Recorded information
= Beginning of Section =

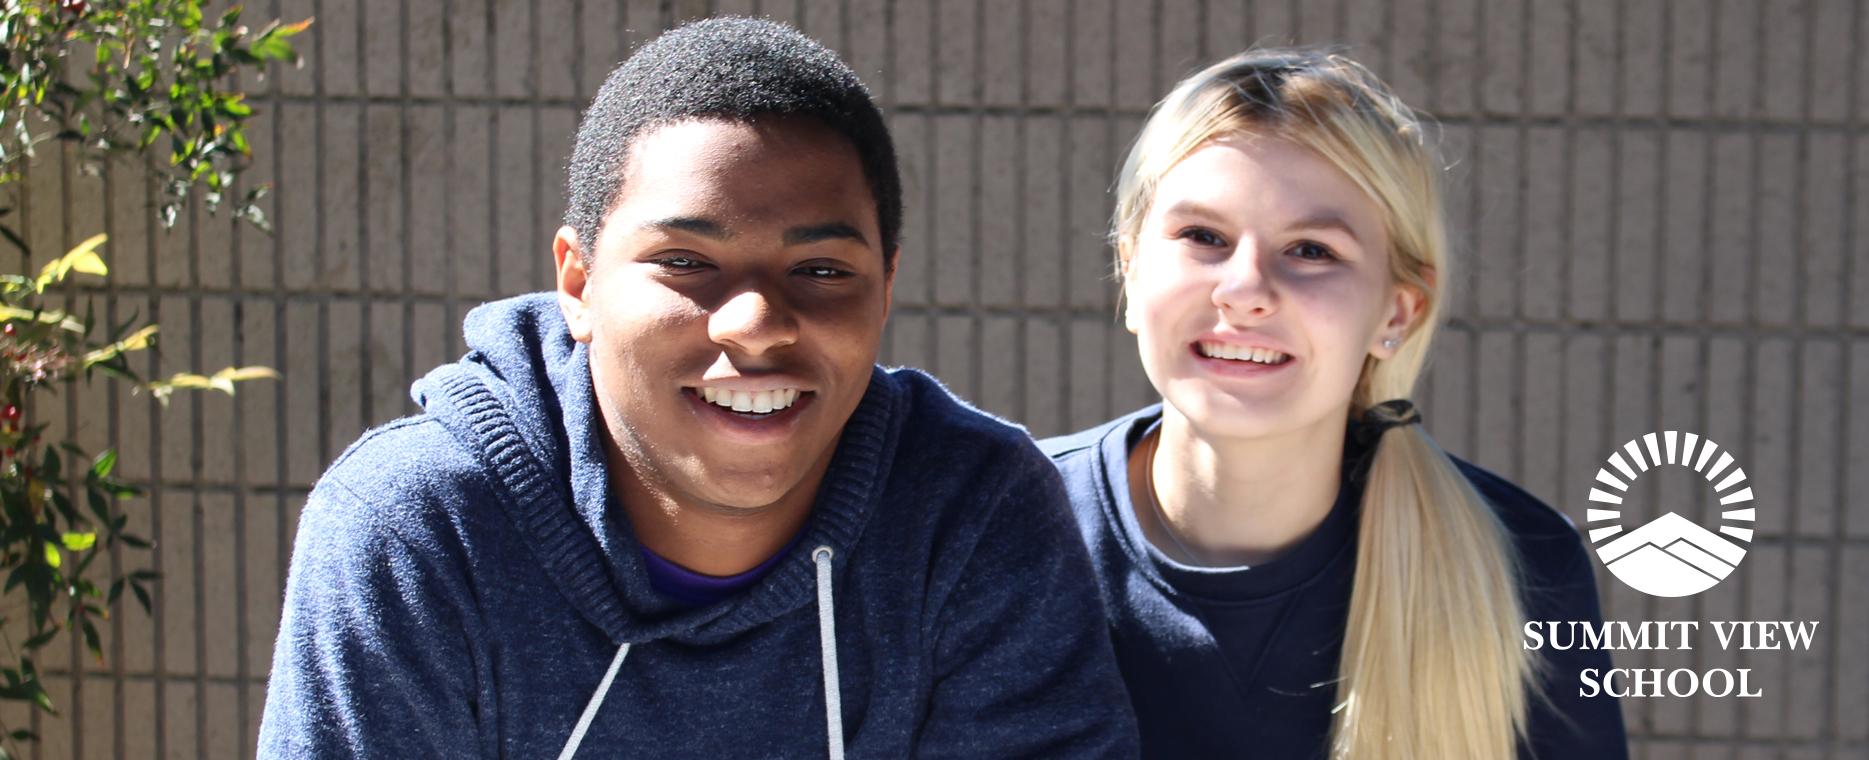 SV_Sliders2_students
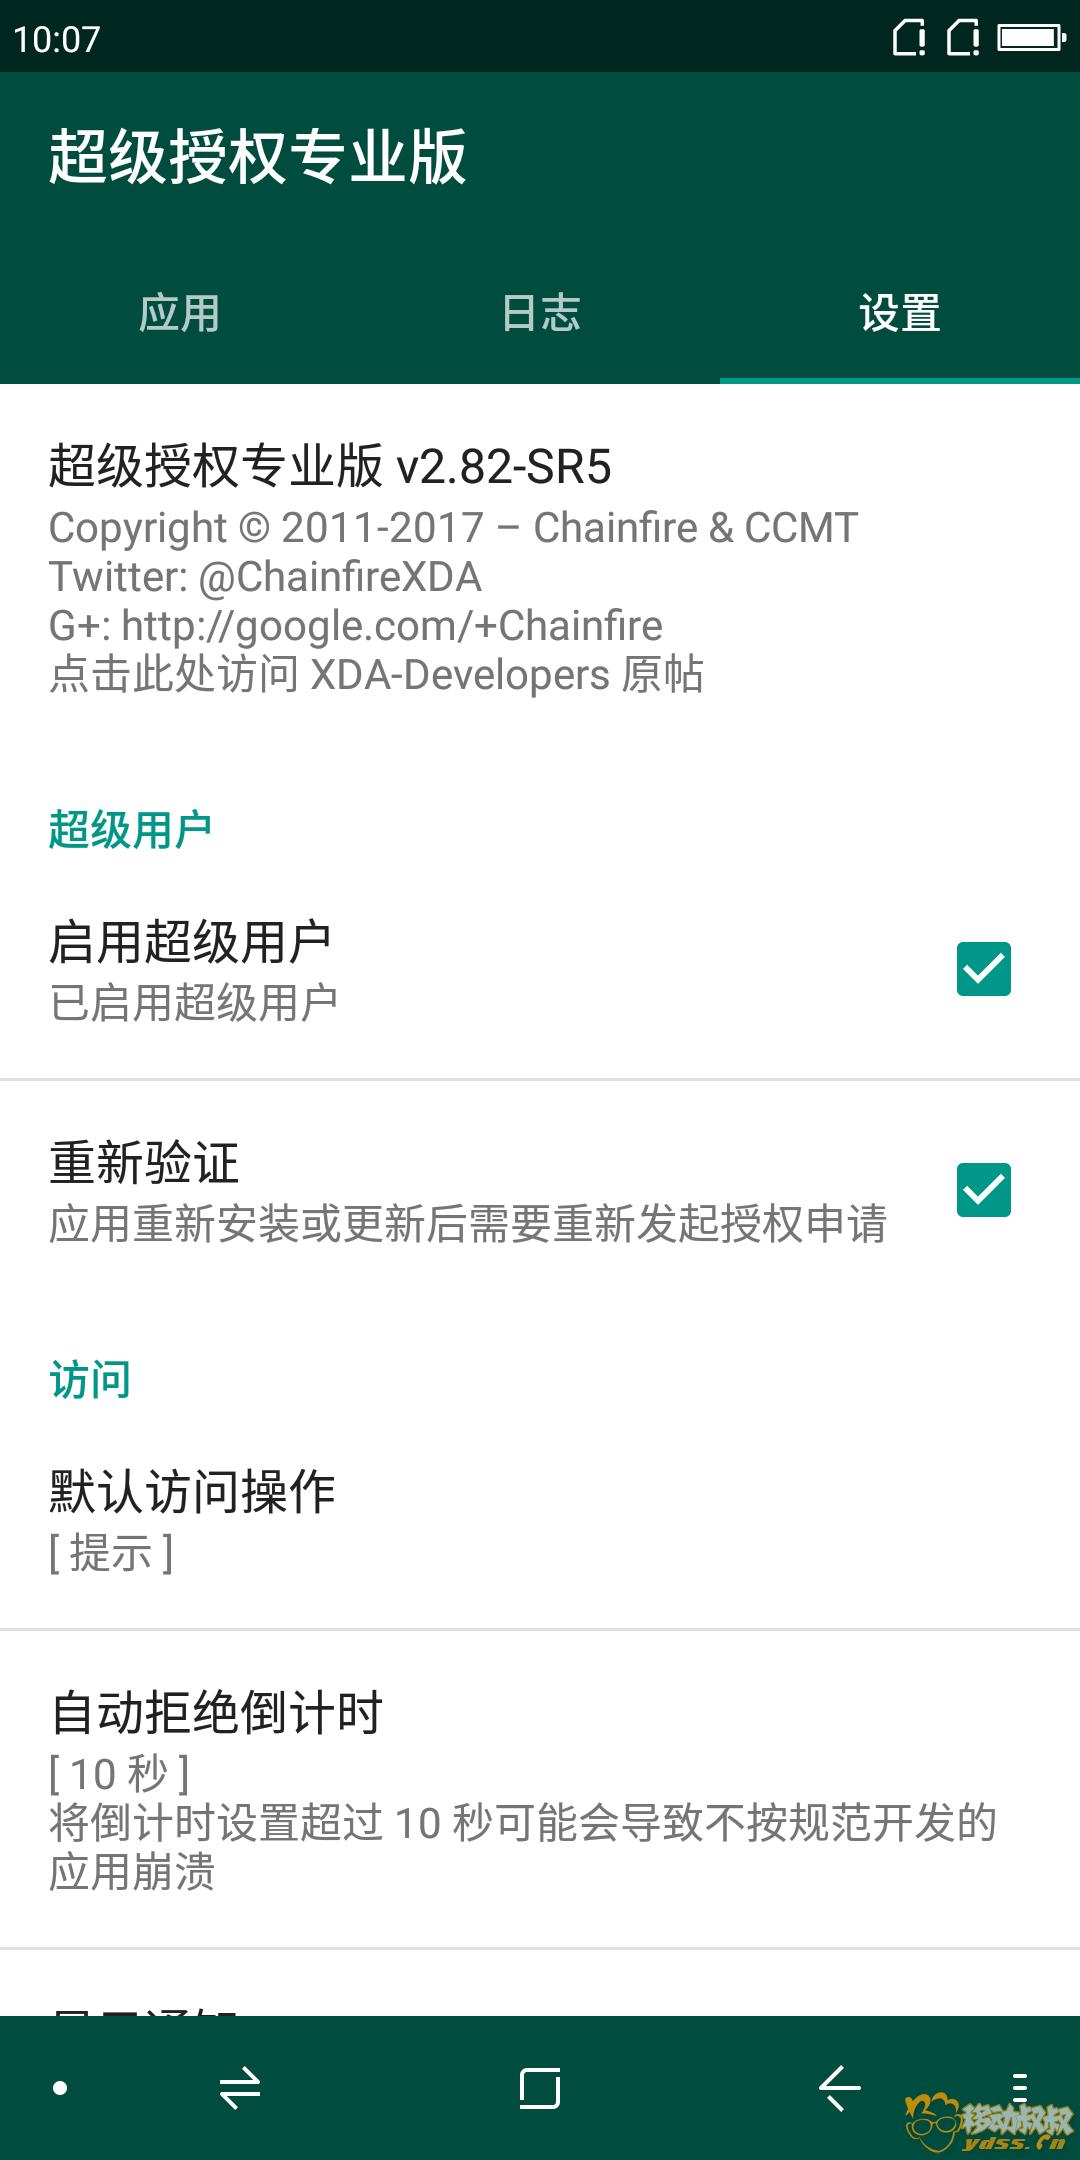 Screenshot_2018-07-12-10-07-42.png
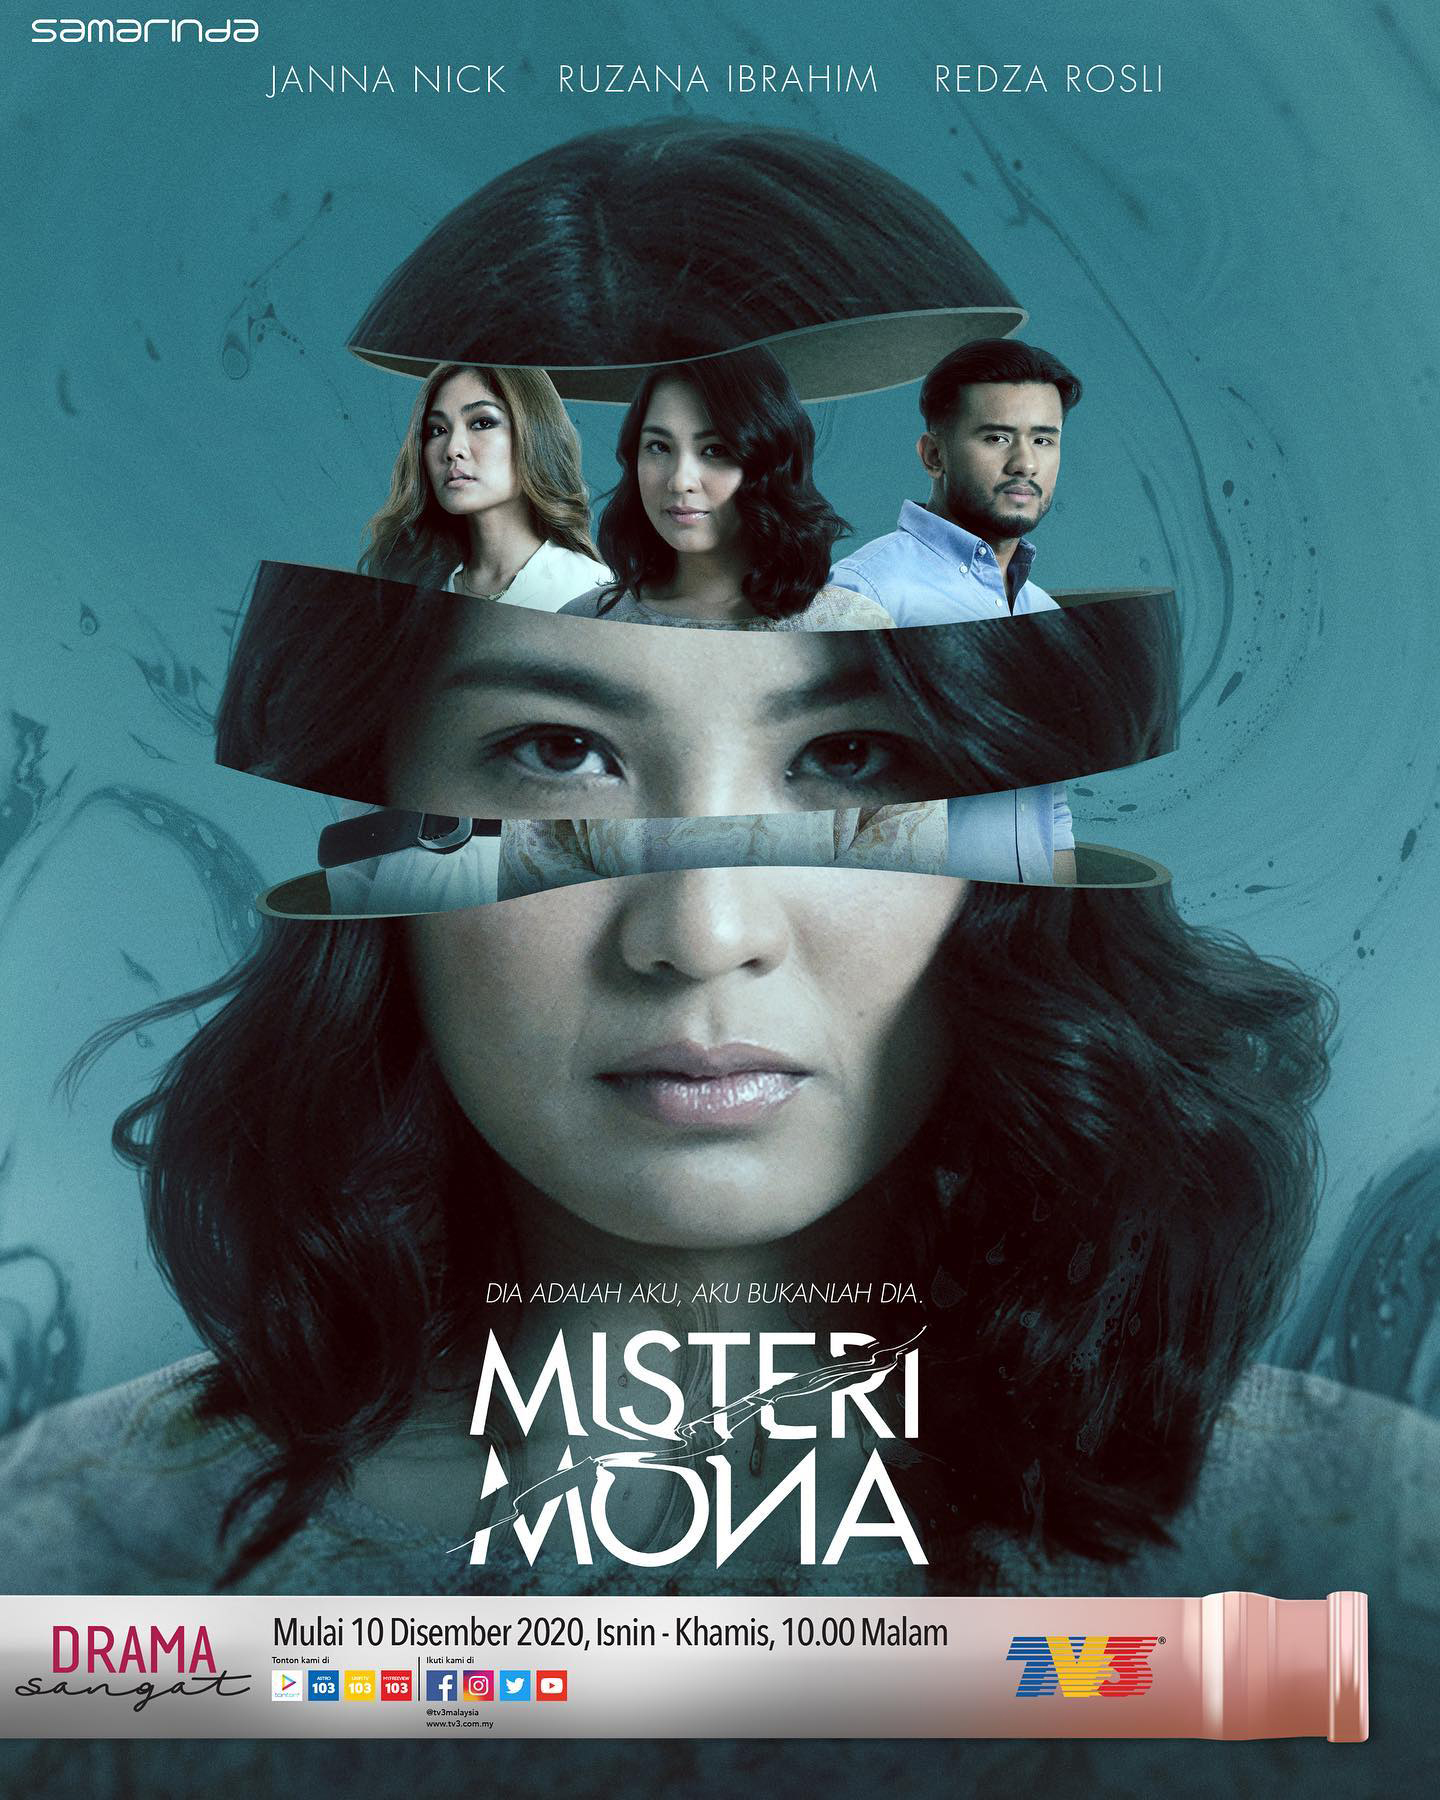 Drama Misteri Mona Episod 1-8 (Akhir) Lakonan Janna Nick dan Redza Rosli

= End of Section =

Exercise aim
Would you set down the listing exactly, omitting pictures?

Answer box
 SV_Sliders2_students
 Screenshot_2018-07-12-10-07-42.png
 Drama Misteri Mona Episod 1-8 (Akhir) Lakonan Janna Nick dan Redza Rosli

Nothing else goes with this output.